While there are companies that will go back to working in person, and companies that are designed to operate fully remote, it appears that most companies are going to be somewhere in the middle. What this signals is that to the extent that companies continue to reevaluate their hybrid workforce policy, there may still be opportunity for improvement for retail office occupancy in Cleveland and in the region. The post-pandemic workforce landscape is likely here to stay, imposing difficult decisions upon office landlords about investing in the uncertain return of tenant improvements.

The landscape is not entirely bleak. There are encouraging examples like that of Detroit, which has only averaged 2.4 commercial property foreclosure filings per month since March 2020. Detroit’s success may be attributed to the health of its automotive market and its ripple effects. Northeast Ohio should look to this example in considering what advantages its own anchor institutions, such as the heath care sector, can provide in stabilizing the commercial real estate market. Cleveland has also engaged in a fair number of hopeful conversions from downtown office buildings to hotel and multifamily units. Last year the sale of 45 Erieview Plaza, a vacant office building in downtown Cleveland was purchased by a development company that plans to convert the office building into a mixed-used development with retail storefronts, 368 apartment units, a gym, and outdoor pool.

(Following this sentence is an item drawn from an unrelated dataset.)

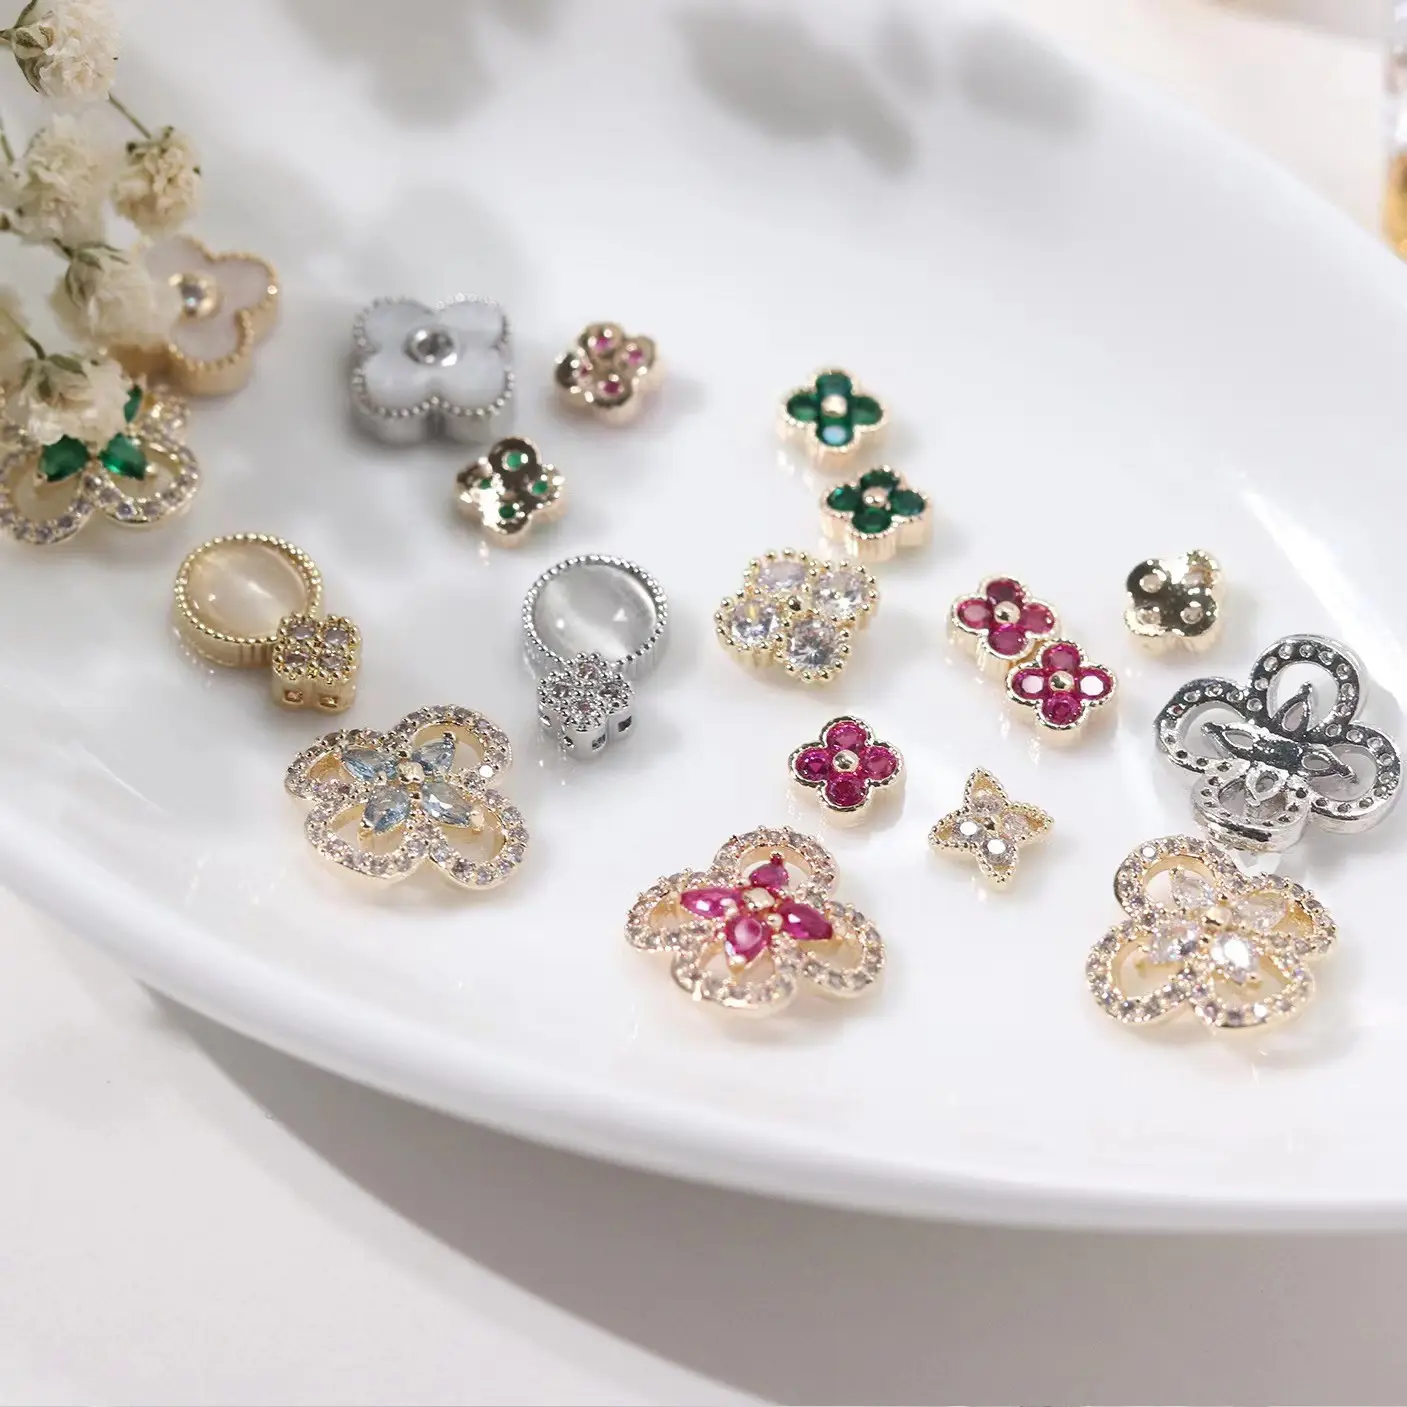 Großhandel neues Design Schöne Blume Nagel Dekoration liefert Bulk Neueste Technologie Nagel Charms für Mädchen
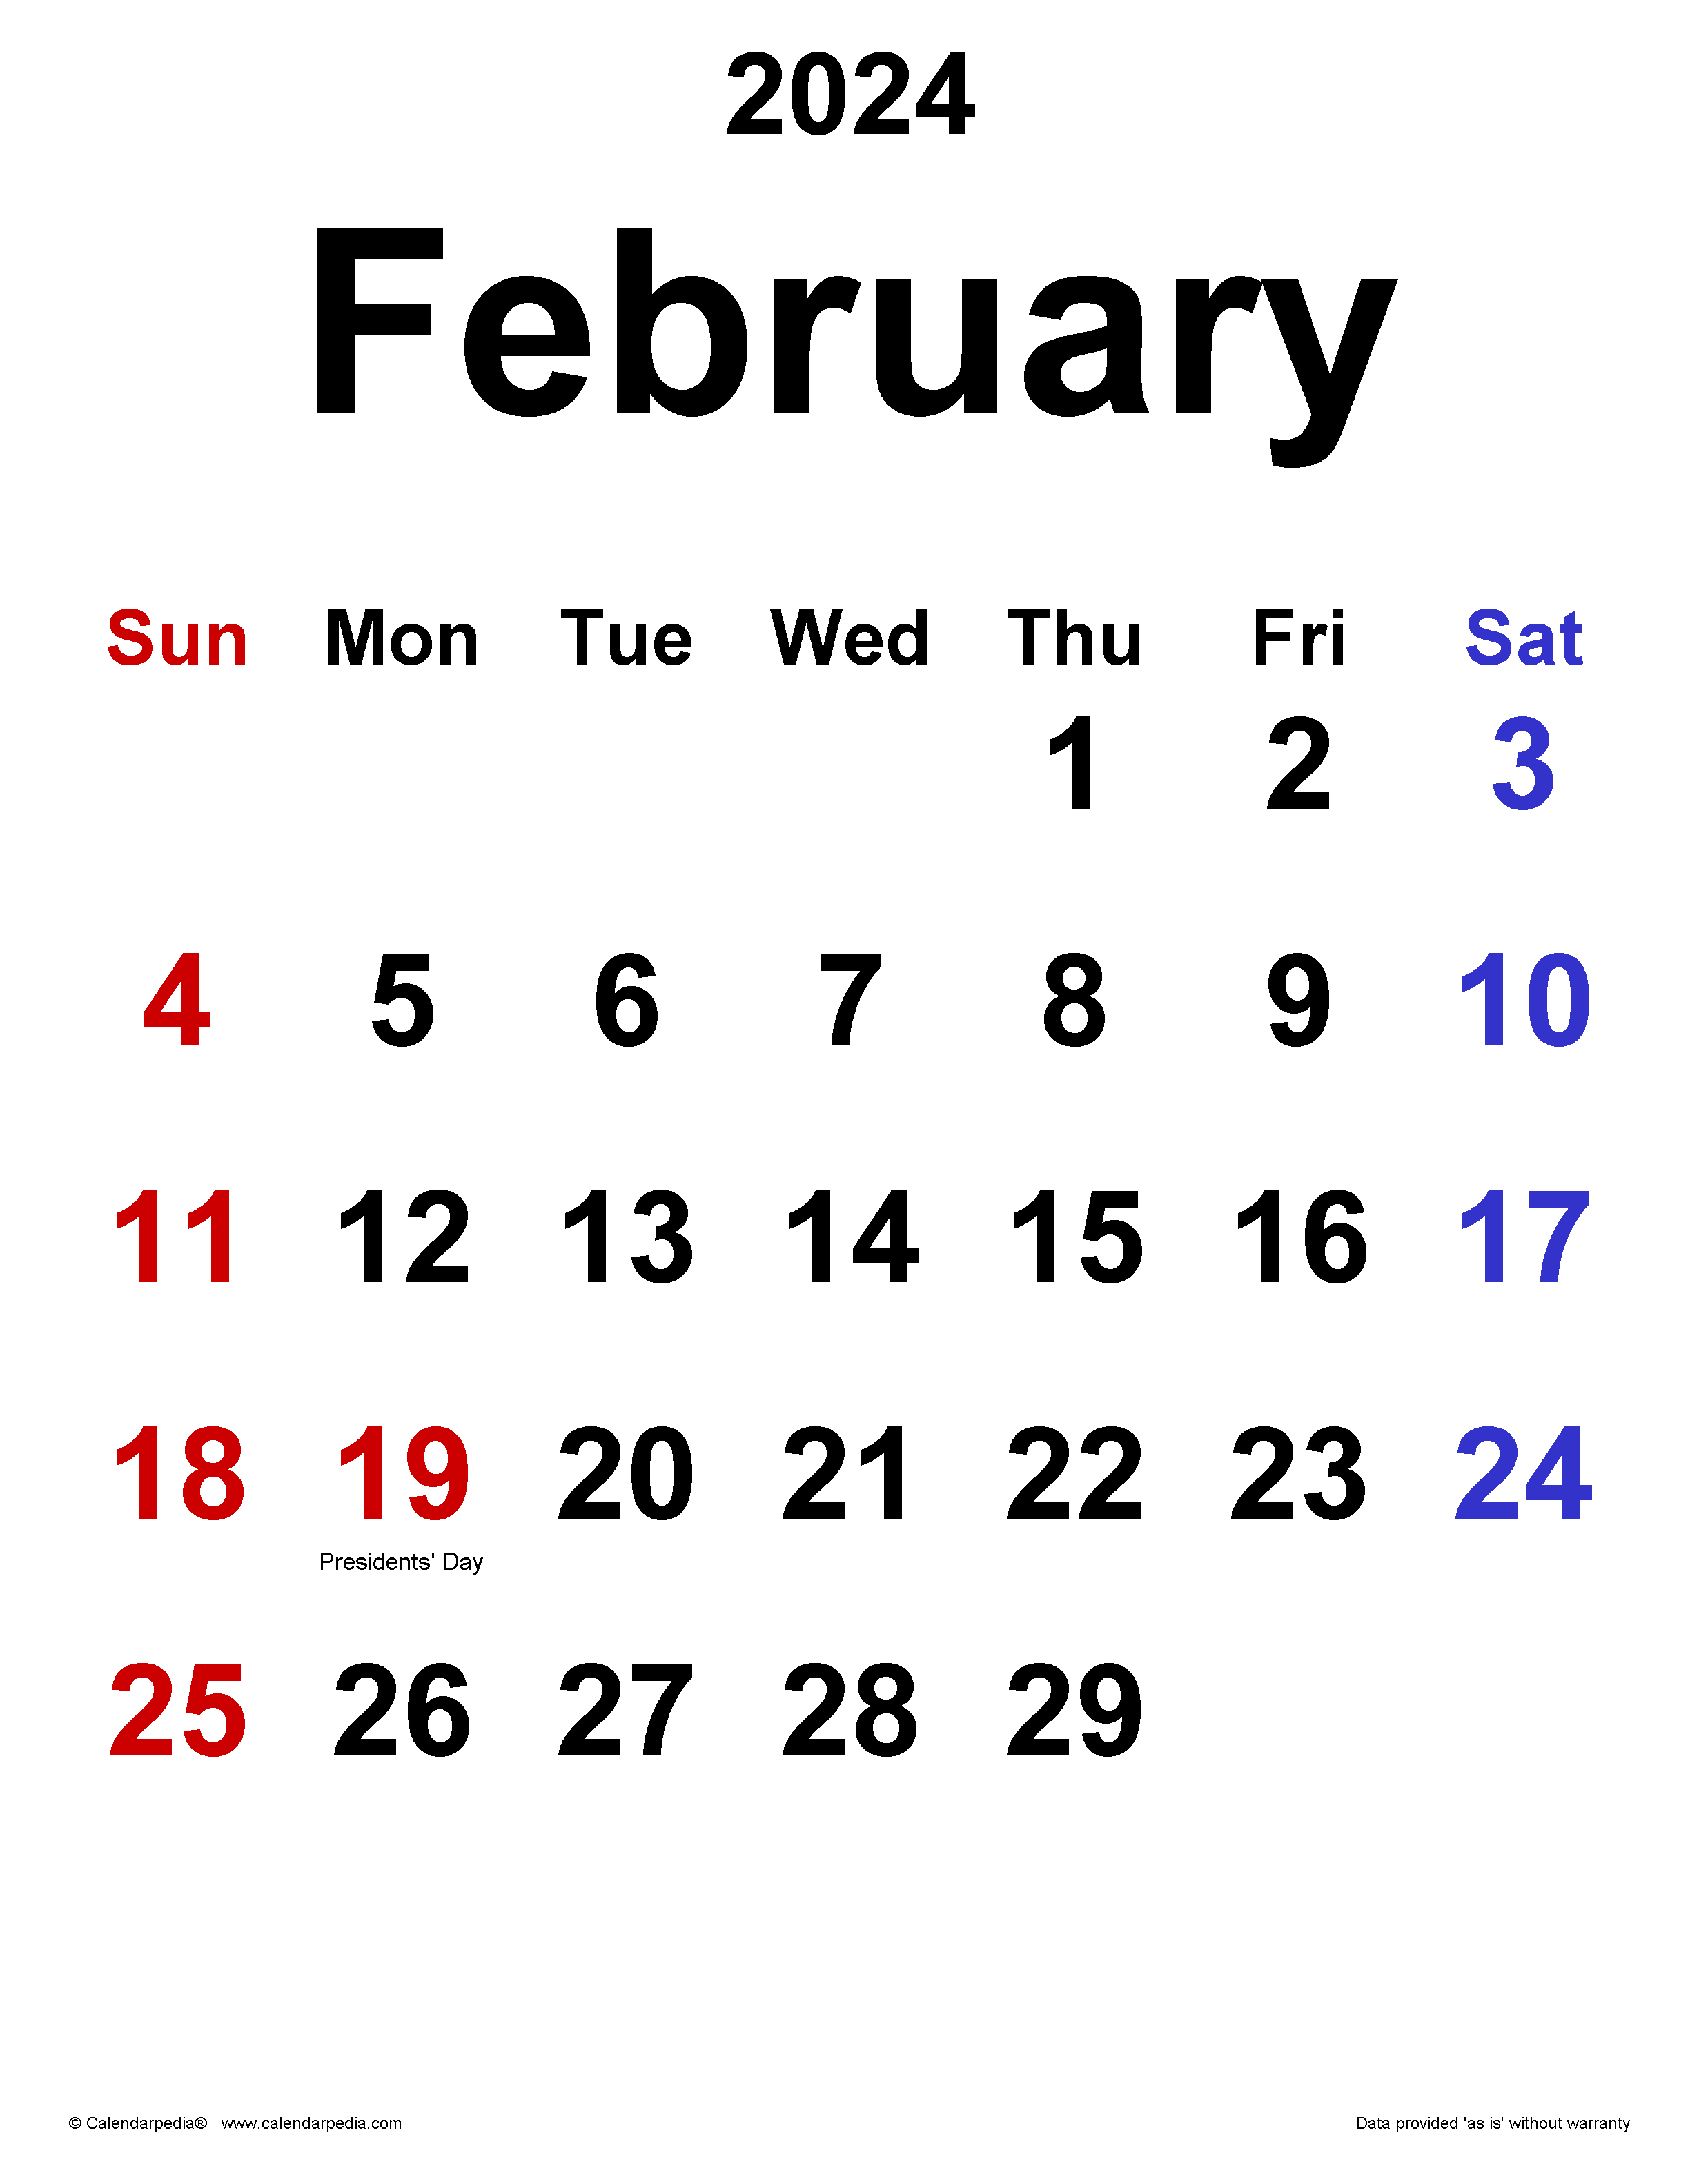 February 2024 Calendar - Free Printable 2024 February Calendar

The reality remains that a wave of office leases inked in 2012-2015 as the region’s economy improved, will begin to expire in the next couple of years. The immediate and near term presents challenges that will test the commercial real estate market’s response to rebound to the impact of COVID. Receiverships will continue to be an effective tool in offering creative avenues to assist in the turnaround of commercial real estate assets. Receiverships present unique opportunities to commercial real estate professionals who are sought after by receivers to provide broker opinions of value. Receivers may also rely on the partnership of commercial real estate professionals to provide in-depth market reports to establish market lease rates, tenant improvement allowances, escalations, and other concessions. Proper legal guidance and direct communication with the receiver is crucial in the administration of the received assets. Receiverships play an important role as the commercial real estate pendulum swings towards equilibrium—what remains to be seen is how far we have come and how far we have remaining.